The Lenten Sundays are an ascending procession, a spiritual ascent that leads us to see God in the light of Christ’s Resurrection from the dead. The first two Sundays of Lent, the Sunday of Orthodoxy and the Sunday of St. Gregory Palamas, represent the experience of the true faith, the faith upon which rests every true spiritual ascension towards God in Whom we believe. The last two Sundays of Lent, the Sunday of St. John of the Ladder and the Sunday of St. Mary of Egypt, represent the experience of repentance and the spiritual struggle to reach the perfect life in Christ.

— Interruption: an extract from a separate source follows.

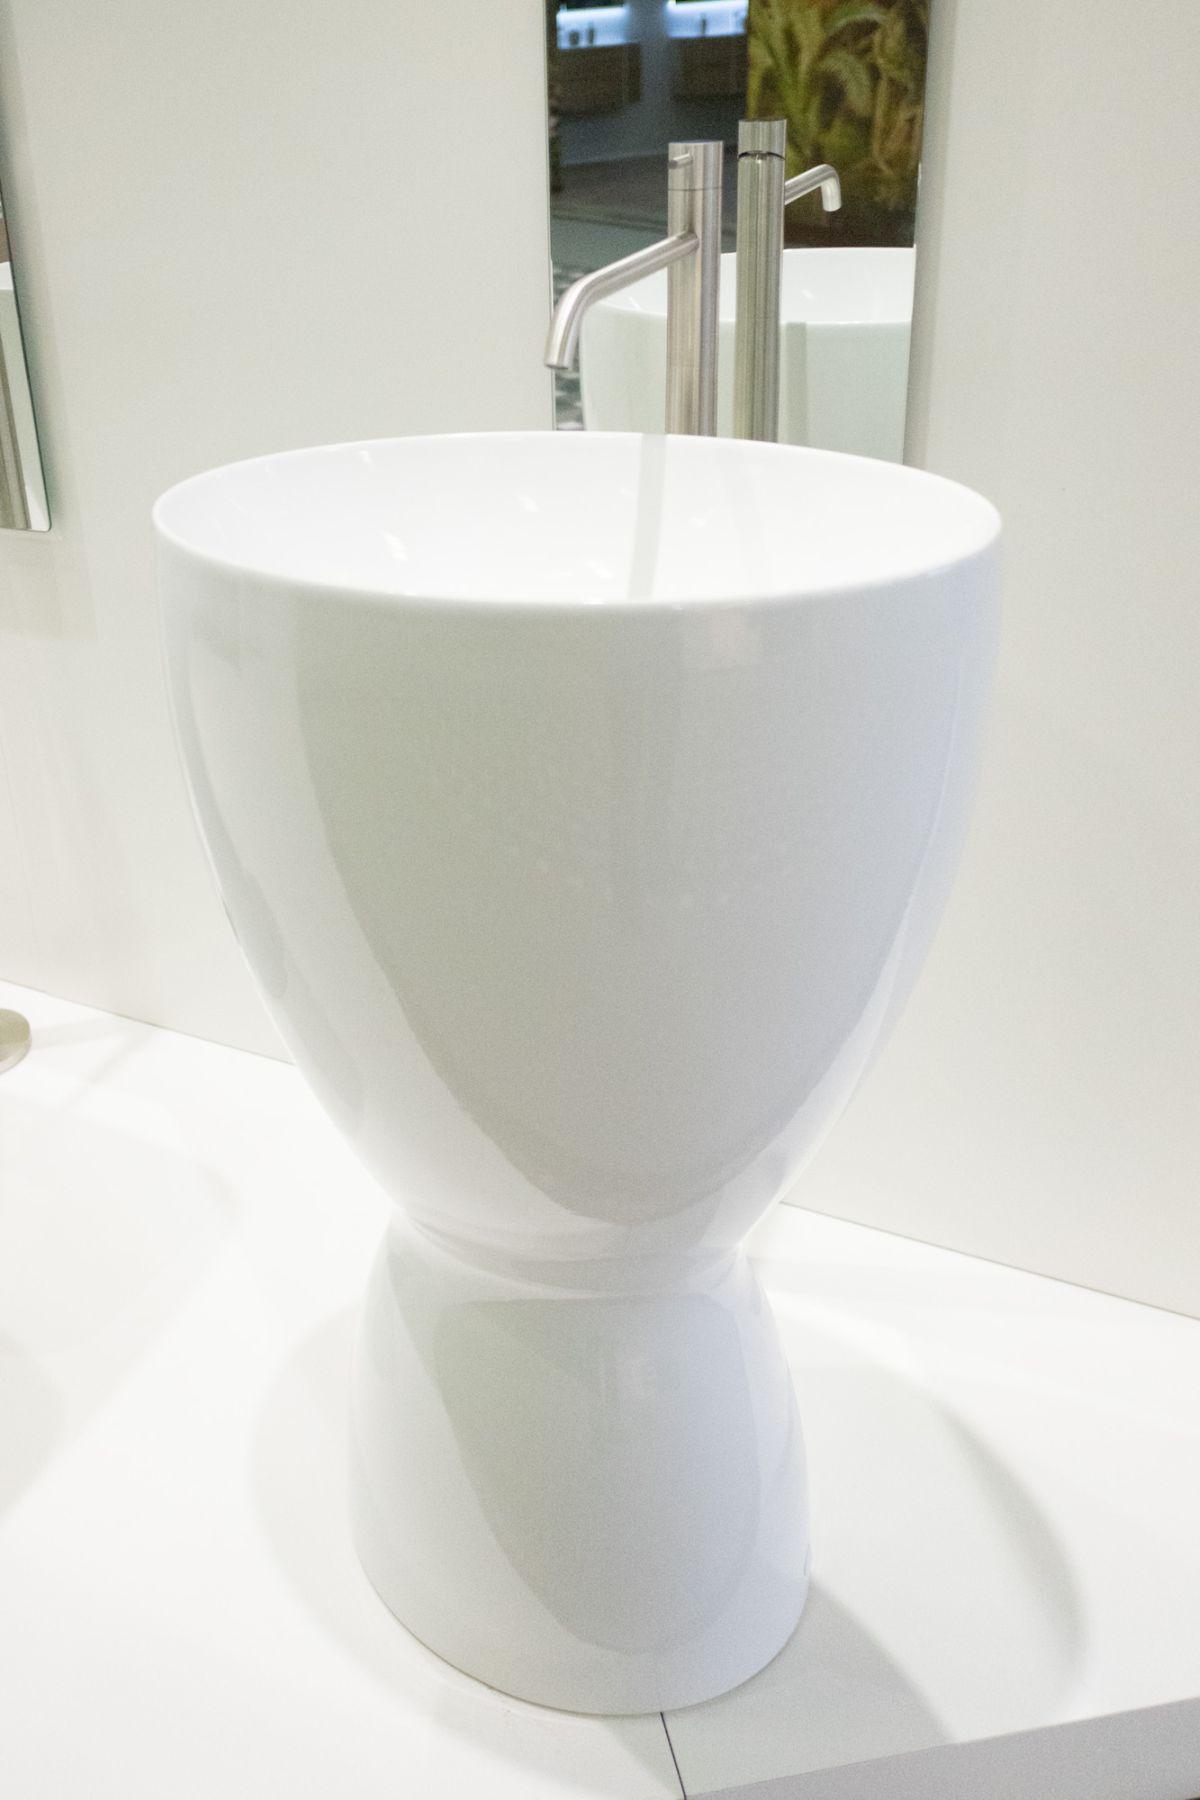 Modern white ceramic Eto pedestal sink

In the middle of this holy Lent is the experience of the Cross, through which the experience of faith and the experience of asceticism pass. The Sunday of the Cross represents the experience of living faith in the Son of God and the experience of surrendering our will to Him. The Cross represents the connection between belief and life because Christ’s victory over sin, the devil, and death was accomplished on the Cross. It also revealed man’s need for the Cross of Christ. Christ reconciled Adam’s rebellion by obedience even unto death, the death on the Cross. The Cross became the constant link between the true faith and the correct life. However, Holy Week is the crowning of this ascending procession. In Holy Week, the end becomes the beginning, whereby a new spiritual birth is realized in us through the experience of death and resurrection—the victory with Christ.

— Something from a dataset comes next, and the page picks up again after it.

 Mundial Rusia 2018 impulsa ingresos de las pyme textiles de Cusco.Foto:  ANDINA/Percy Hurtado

Man’s ascending procession towards God is first of all a journey of faith. However, faith needs serious works of asceticism. Faith needs works, and works cannot be good and perfect without asceticism purifying the works from the evil of the passion of self-love. Just as the body needs bread, so works need ascetic struggles. For this reason, we say that living faith needs asceticism. We express this asceticism in blessed fasting, long prayers, vigils and other struggles. Through these means, the soul submits, through faith, its will to God and lives in Him. Asceticism is the true nourishment of true faith so that faith becomes perfect and not merely theoretical. Without the ascetic life, faith will surely die. Faith will die first in its rationality and limited logic and secondly by the action of the passions, whereby faith turns towards itself instead of turning towards God. St. Isaac the Syrian says that “enduring difficulties voluntarily and with love reveals the sincerity of faith, but the work of leisure happens in the corrupt conscience. The love of the saints was tested by difficulties and not by rest, because work done without toil is a virtue of the people of the world who do good works externally and do not benefit from them.”

For by faith the saints surrendered themselves to God, and by asceticism they purified their will. The saints subdued their bodies and surrendered them to God’s commandments. St. Hilary of Poitiers points out that the anxious soul will not find comfort except by submission to faith. This surrender is what will drive the soul to martyrdom, without fear, to its living faith.

Only living faith connects the created with his Creator. This faith is not an outward conviction in man. It works internally in man and directs the energies of the soul towards genuine knowledge of God. In His teachings, Christ emphasized works of faith. This became clear when Christ persistently asked, during the incident of the woman with the issue of blood, “Who touched Me?” Thus, Christ says that we cannot really touch Him except by faith. Many people touched Him as a man, but only one person touched Him as God, as St. Ephraim the Syrian says.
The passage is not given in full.